Today's offering is, again, a sample from the Building Campus Community book. This passage is from Chapter 4, Proactive Community Circles:

 

Creative Ways to Engage Residents in Proactive Community Circles

While supervisors will most likely provide RAs with topic ideas and guidelines about how frequently to hold community circles with residents, experience shows that flexibility is really important, too. RAs who adapt circles to suit their personalities, their residents’ needs and attributes, the unique circumstances of each living situation and the common space available for meetings tend to have the best success.

  • How do you think things are going in the hall so far this year?
  • What’s working?
  • What’s not working?
  • What do you think are the most important issues for us to work out as a community?
  • What’s one thing each person could do to help people be more connected on the floor?

An RA who had been running circles for several years during youth summer programs and with campus residents before learning the term “restorative practices” helped develop a training workshop about creative ways to engage residents. When she first became an RA she oversaw an environmental cooperative on campus, a community of 24 students wholly committed to learning everything they could about ecology, the environment and how people can effect positive change. Naturally, the circles she ran revolved around these concepts. She provided articles for the group to read about a variety of relevant topics, and these became the jumping-off point for circle discussions in which people met and exchanged opinions.

For a community meeting in a hall where residents lived in eight-person suites, this RA gave each group a blank sheet of paper and some M&Ms (the old candy incentive), and asked them to use those materials to lay out a representation of the ideal way to use their suites. This method stimulated a lot of conversation among the residents, particularly in terms of how they wanted to set up and use their common spaces.

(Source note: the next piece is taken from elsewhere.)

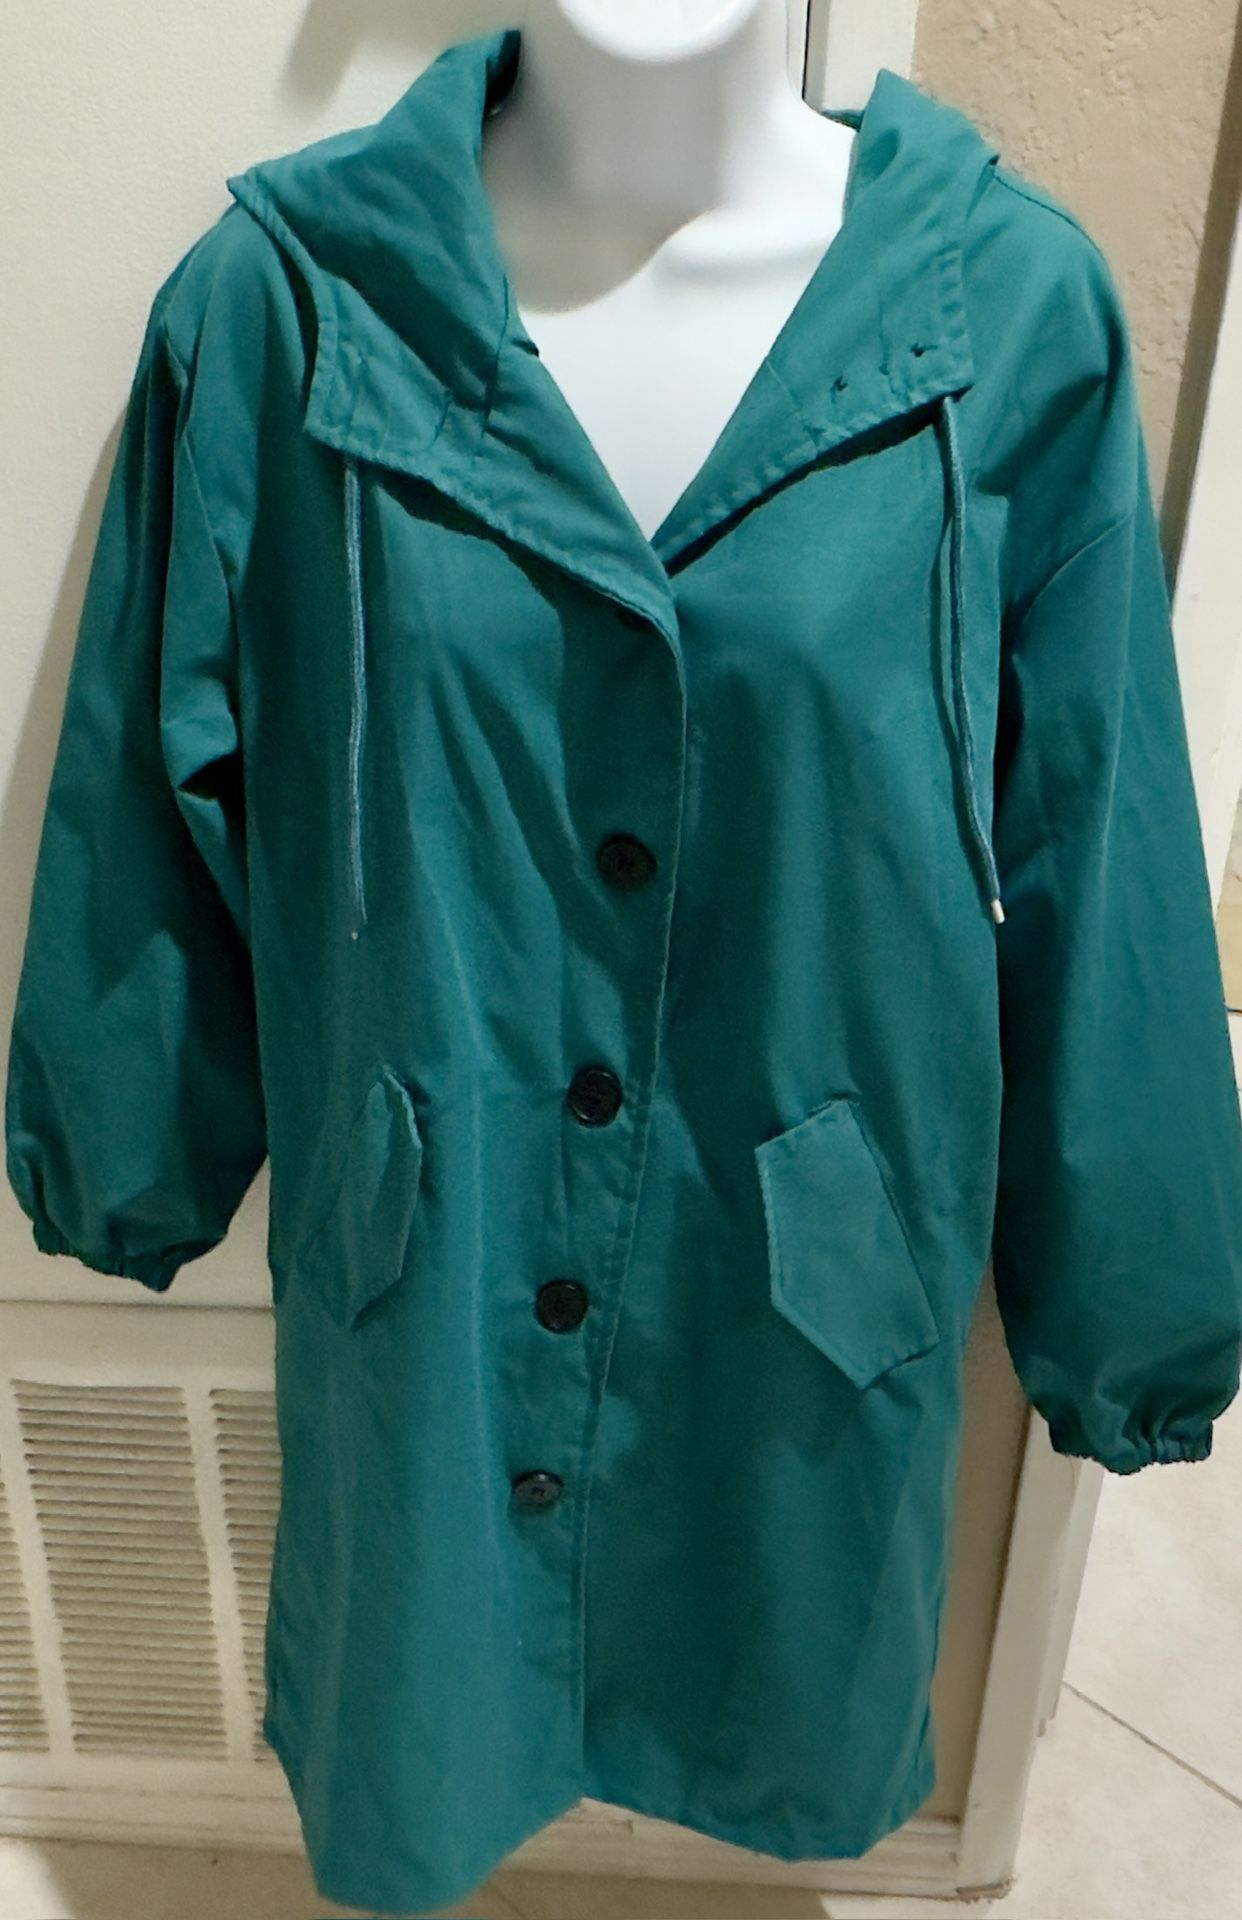 New Woman’s Teal Coat With Hood (Size Medium)

When it came time to lead a discussion about sex and intimate relationships, which seemed to make residents nervous and anxious, this RA organized games of Texas Hold ’em using condoms as gambling chips. This relaxed the students and they ended up continuing to play throughout the entire discussion, which 33 of her 40 residents attended. The RA noted, “Since I started doing more creative and hands-on projects, I’ve had a lot better attendance."

But RAs could also take a more bare-bones approach to community circles by cultivating lists of simple but relevant discussion starter questions such as:

  • How do you think things are going in the hall so far this year?
  • What’s working?
  • What’s not working?
  • What do you think are the most important issues for us to work out as a community?
  • What’s one thing each person could do to help people be more connected on the floor?

The possibilities are endless, and simple questions often lead to great discussions.